Placement group support in RaySGD?

I’ve read into the code a bit regarding placement group in RaySGD, but didn’t find an answer.

Let us say I have a cluster with two machines, A and B. I want to start 10 training processes on each machine. The learning relies on a in-memory data service, therefore we want to initialize training processes on A or B with different parameters (very simple just a Rank as int).

Is this already supported in RaySGD? I’ve read this PR: [tune/placement group] dist. training placement group support by oliverhu · Pull Request #11934 · ray-project/ray · GitHub, as well as how TorchTrainer and TrainingOperators are implemented. But cannot tell for sure.

Thanks a lot!

cc’ing @rliaw, who reviewed the linked PR–any thoughts about this?

1 Like

Hmm, this is mainly supported for RaySGD + Ray TUne. However, TorchTrainer doesn’t have support for placement groups yet.

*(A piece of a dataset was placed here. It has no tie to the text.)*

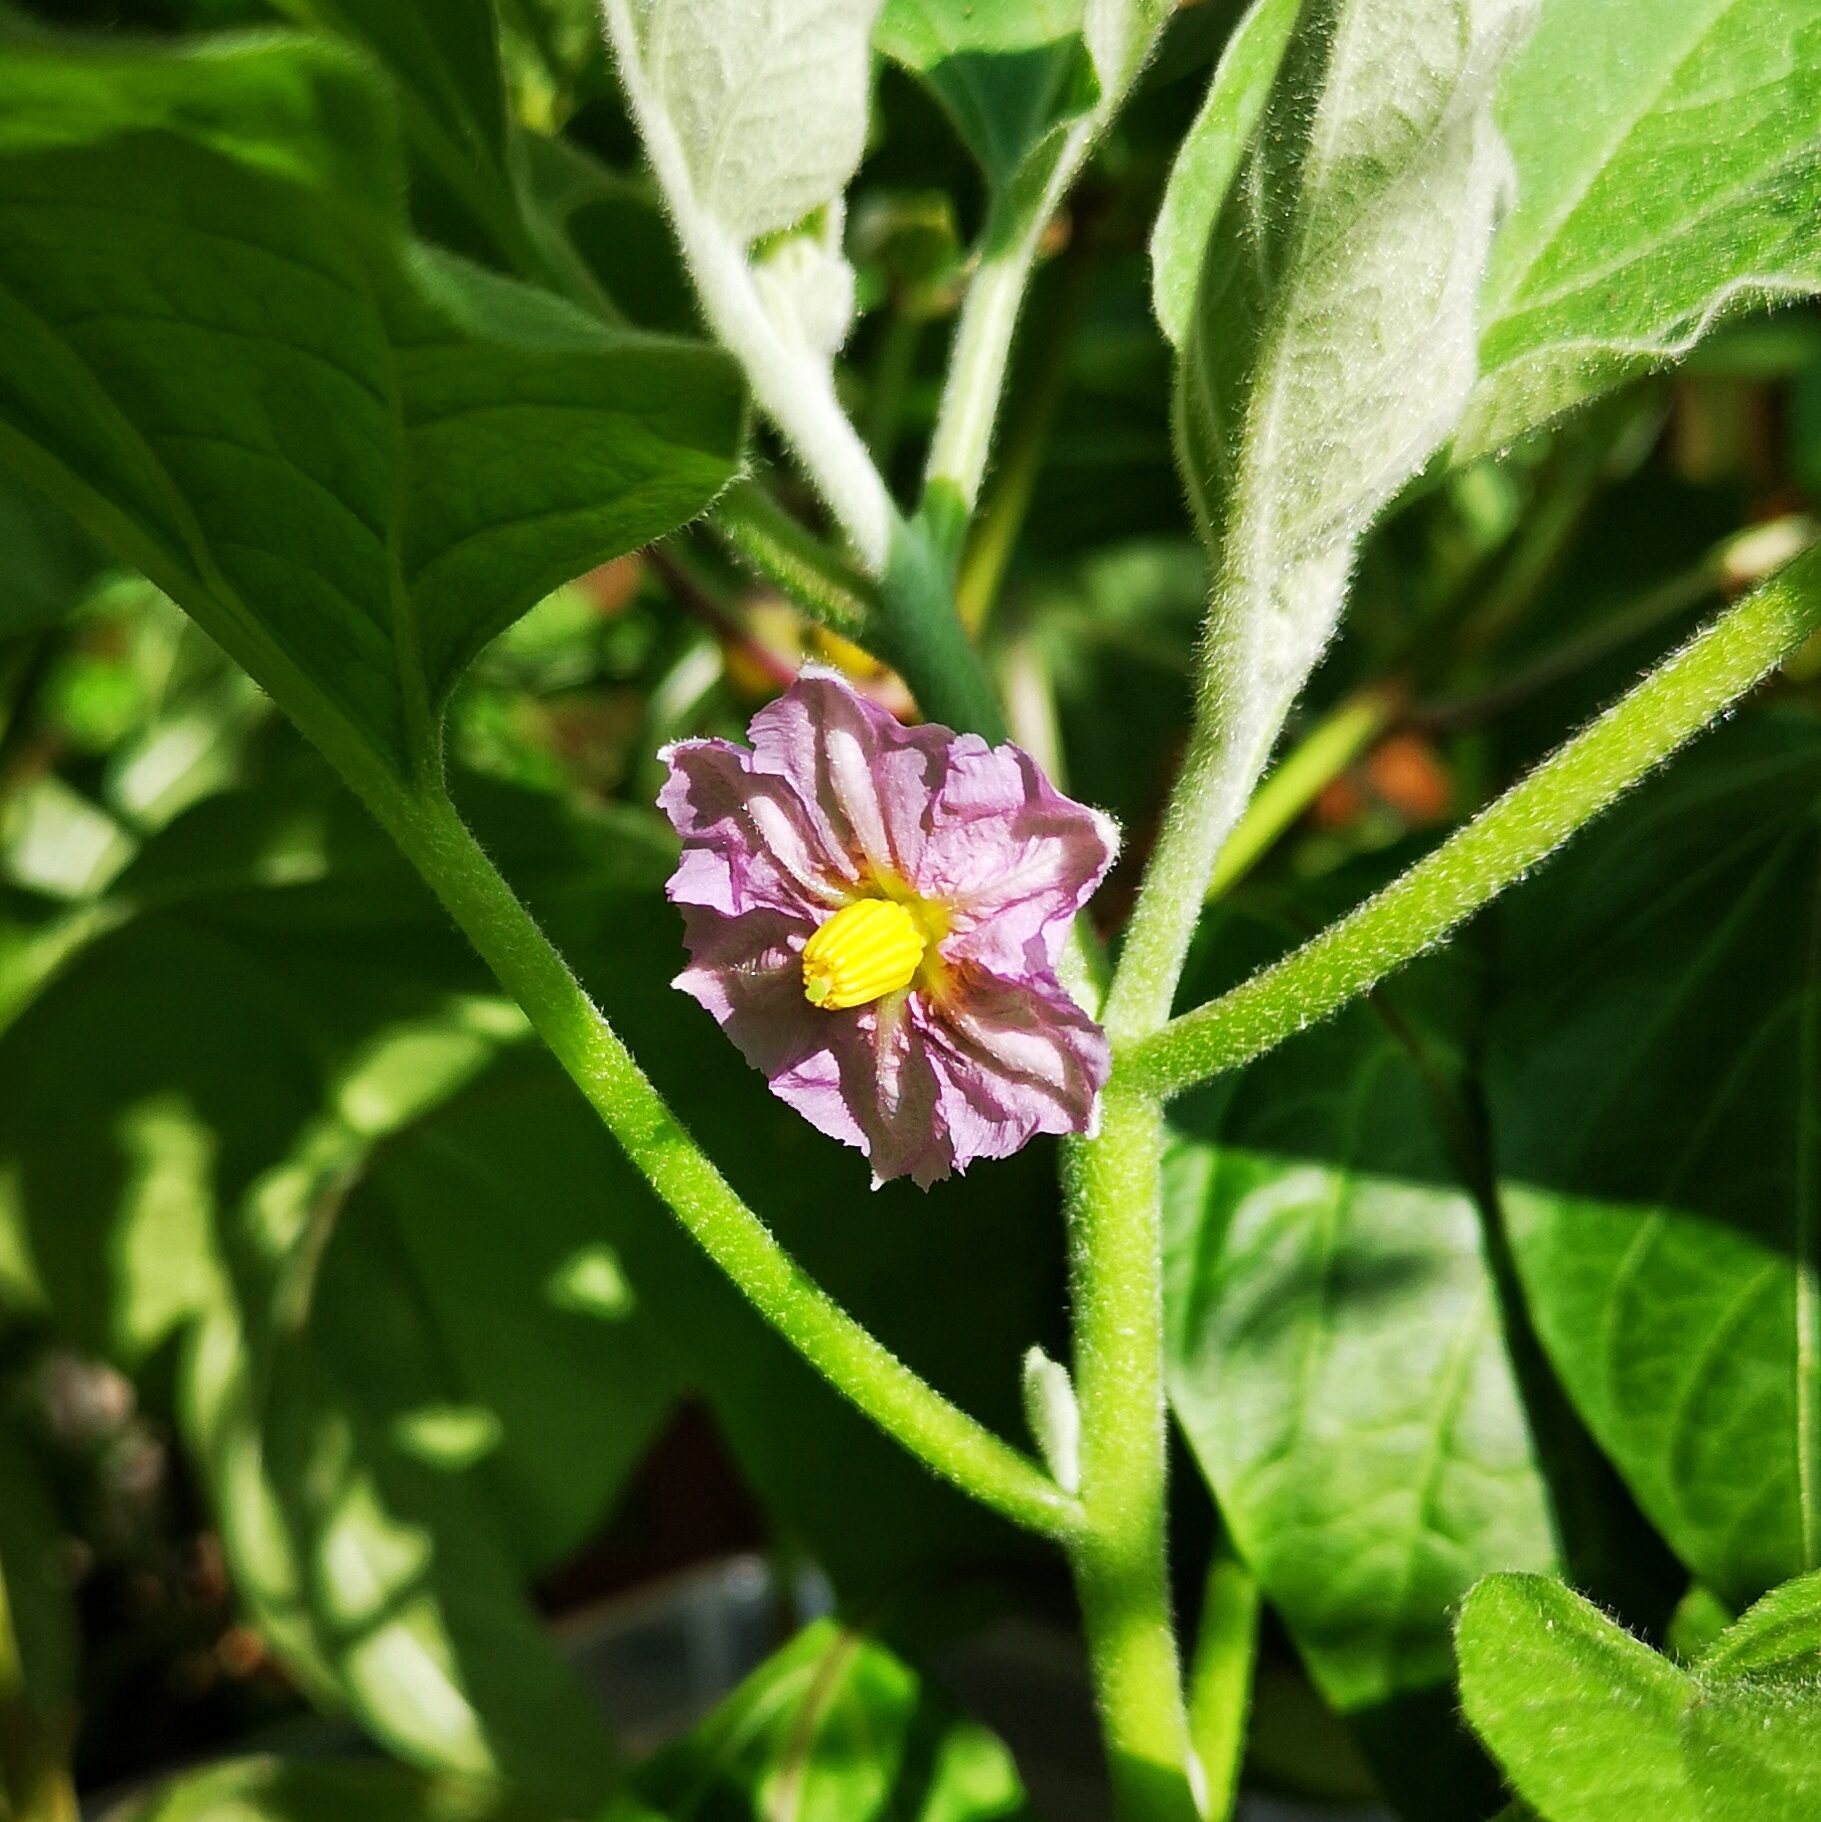 First bloom of the Pinstripe Aubergine

This should go onto our backlog; let me know if you would like us to prioritize it (or would be open to contributing this)! If interested, happy to guide you through the implementation.

1 Like

Sure thing. I’d happy to contribute to that if it is something that my bandwidth can handle. Let me first get a rough idea how much effort it takes.

I am thinking for the first step, we are gonna create something like this:

  1. define number of workers for each placement group
  2. RaySGD takes this mapping of placement group → num_worker, then allocate worker accordingly.

Does this align with what you guys already thinking?

Not familiar with how RaySGD work under the hood yet. Will read a bit more into it. Any code pointer (e.g. similar functionality already exist in other modules, or tests are affected etc) or doc is much appreciated.

Actually, I think it makes sense for Ray side maintainer to implement this. Will cc you on the review!

Could you help post a github issue so we can keep track of it?

1 Like

Done creating the issue. [raysgd] Placement group support in RaySGD · Issue #16682 · ray-project/ray · GitHub

Thanks, Richard!

1 Like